I believe that of all the men in the world, to daughters fathers are the sweetest. When I think of my childhood, the first and the freshest memory I cherish till date is of how my dad persuaded me to be a strong... a very strong girl. When I was four-year-old kid, the bone in my thumb finger gave me a lot of trouble. It seems that the doctors said that there was some minor distortion internally and it must get operated for anything better. Upon hearing this, I reckon my daddy must have lost all his good senses.
Everyone knows how childish men suddenly become after they become fathers to daughters; my father very well epitomized this. It was hard for him to decide what to do. To let his little daughter know the smell of medicines and the pain of toxins, Nah... I remember one day like as usual I went to him complaining about the pain in the thumb finger and he gently made me sit on his lap and said: “Sweetheart, the more you pay attention to the pain, the stronger it would become, so stop thinking about it and one day it will leave you.” Turns out he was right as known he always is.
My mother is also a true incarnation of love; for me, she is the most lovable person ever. When I asked my daddy whom he loved more, me or mummy, he said: “He loved me more.” And I admit that all fathers are like that...
I grew up admiring every aspect of my daddy. He is an energy ball; no matter what happened, I never saw his confidence levels drop even an inch down. Now that two decades passed by since I was born. I realise that the love these fathers have for daughters is far greater than what we think. As he walks, sleeps, rests my father’s mind and thoughts always orbit around his two daughters, at the envy of my mother... hahaha...
Even today, when he wakes up at intervals in the night to see me and my little sister sleep, he comes to us and runs his warm hands over our foreheads. He checks the fans and the blankets... and then stands to a corner glaring at both his daughters, his most worthy possessions and feels contented that he is able to provide us with the comfort of a sound sleep. For a fifty-year-old father of two daughters, that is what means to be a man and that is what makes them feel like a hero. A hero he truly is! But these fathers aren’t as strong and content as they seem to be. They too have problems, unlike us; they have real-serious concerns. So let’s not trouble them on little things.
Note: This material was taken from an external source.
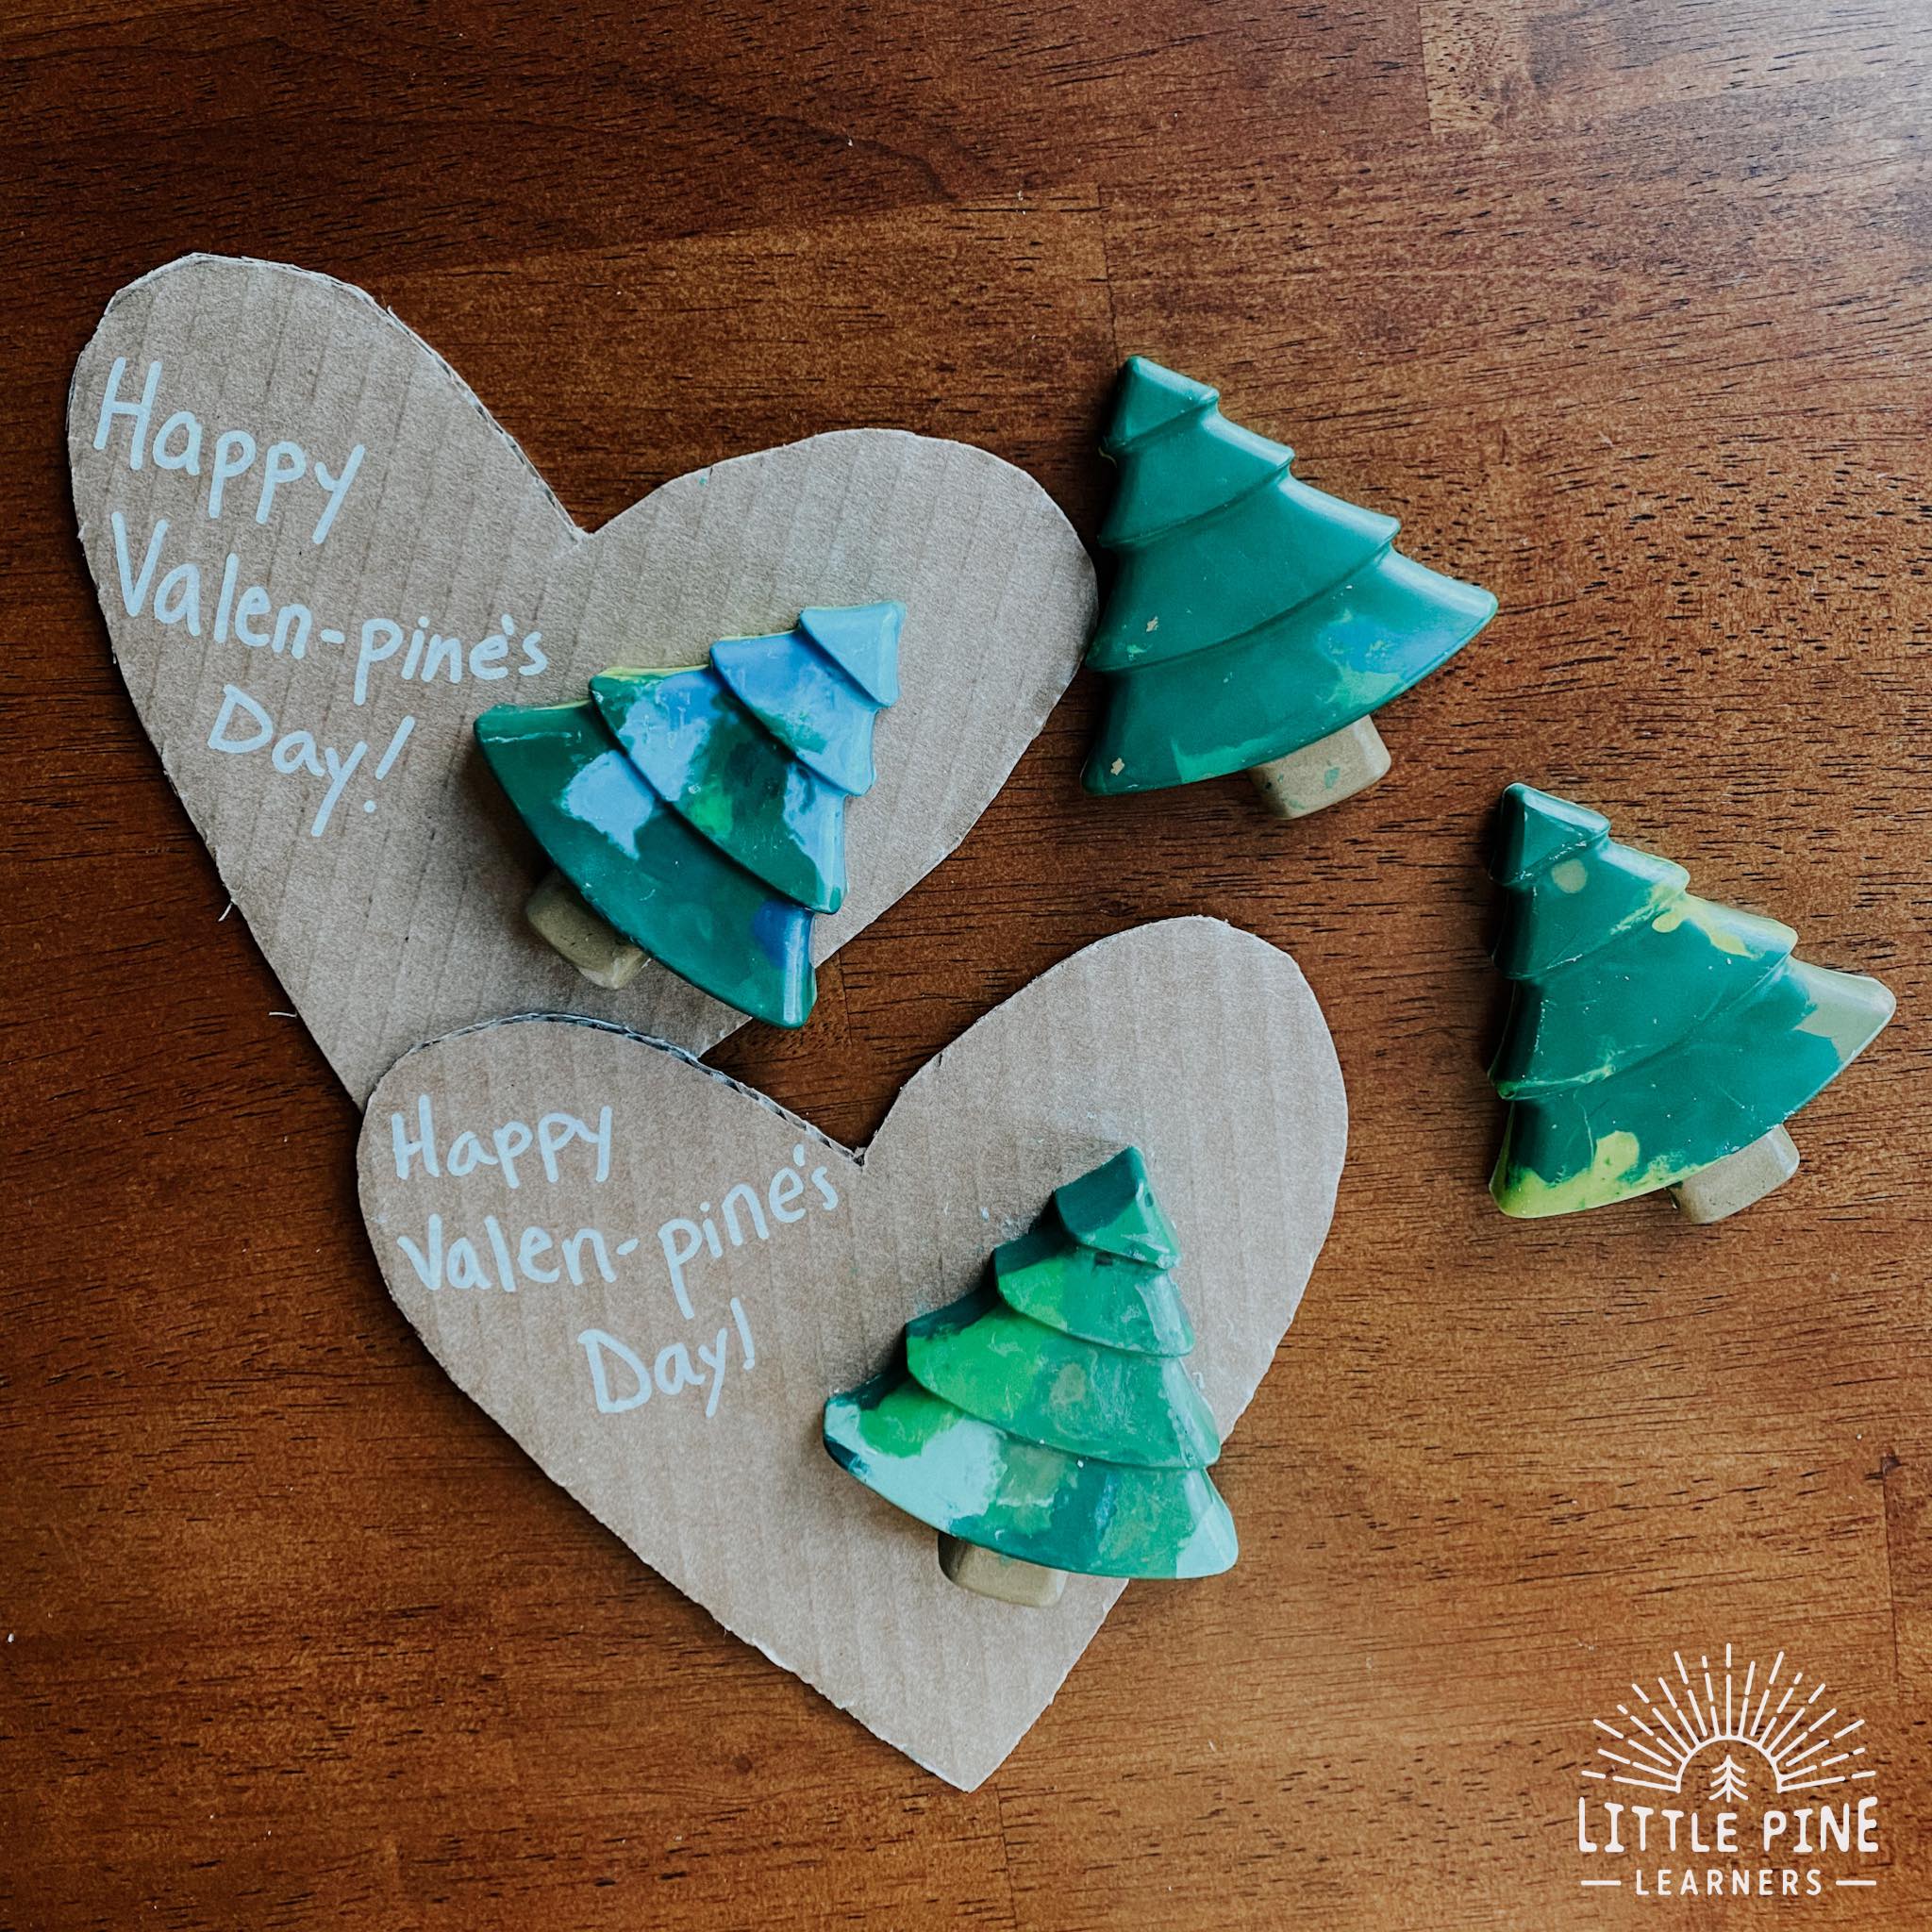 Cardboard hearts and crayon pine trees

As we grow, we slowly develop differences with that of fathers. We start complaining... that he checks on us, that he’s hesitant to give us pocket money for our expenses, that he is a disinterested person and that they don’t really understand us. Each time these thoughts strike you, you should know you are wrong. They understand us to the core. It’s their unflinching love for us that sometimes make their actions put us to huge misconceptions. Do not develop hatred for your fathers just because you think they are objecting to few of your pleasures. They’ve walked on the planet for half of their lives; they know how things work better than us.
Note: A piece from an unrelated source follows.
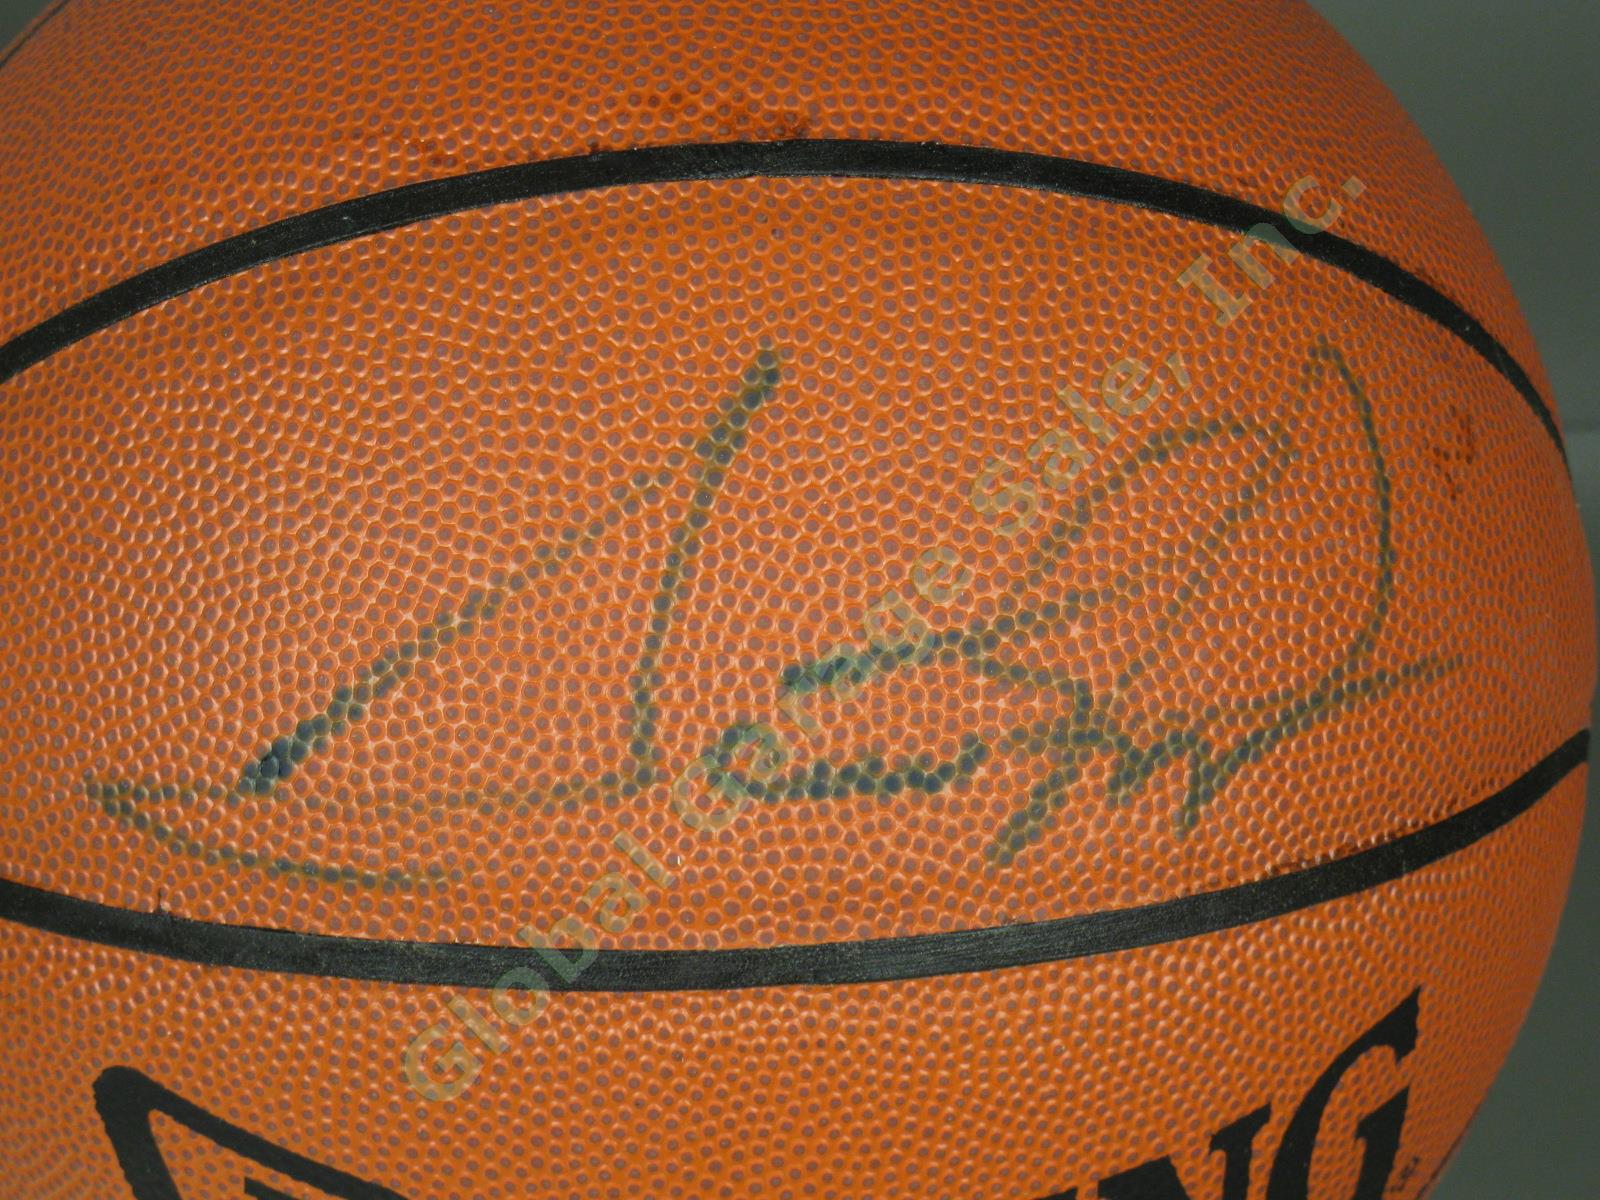 1996 Scottie Pippen Signed Full Size Basketball wCOA Chicago Bulls HOF Autograph 2

Now that they are growing old day-by-day, year-by-year they need their daughters the most. When else can we reward our fathers better than now and how better can we say thank you to the sacrifices they’ve made for us every single day than by taking care of them.
If you live with your father right in the same house, then remove your headphones off your ears, switch the apps off your eyes and go sit next to him... pat him on his shoulder... talk to him about your day’s work... ask him if he’s taking his medicines sincerely... give him glasses of water at regular intervals, just like how he gave to you when you were a child... Become your father’s mother, my friend, for tomorrow when his little girl goes her way away from him, to lead her own family. It’ll be the poor old father who would feel the greatest void in every breath of his life, more than anyone else.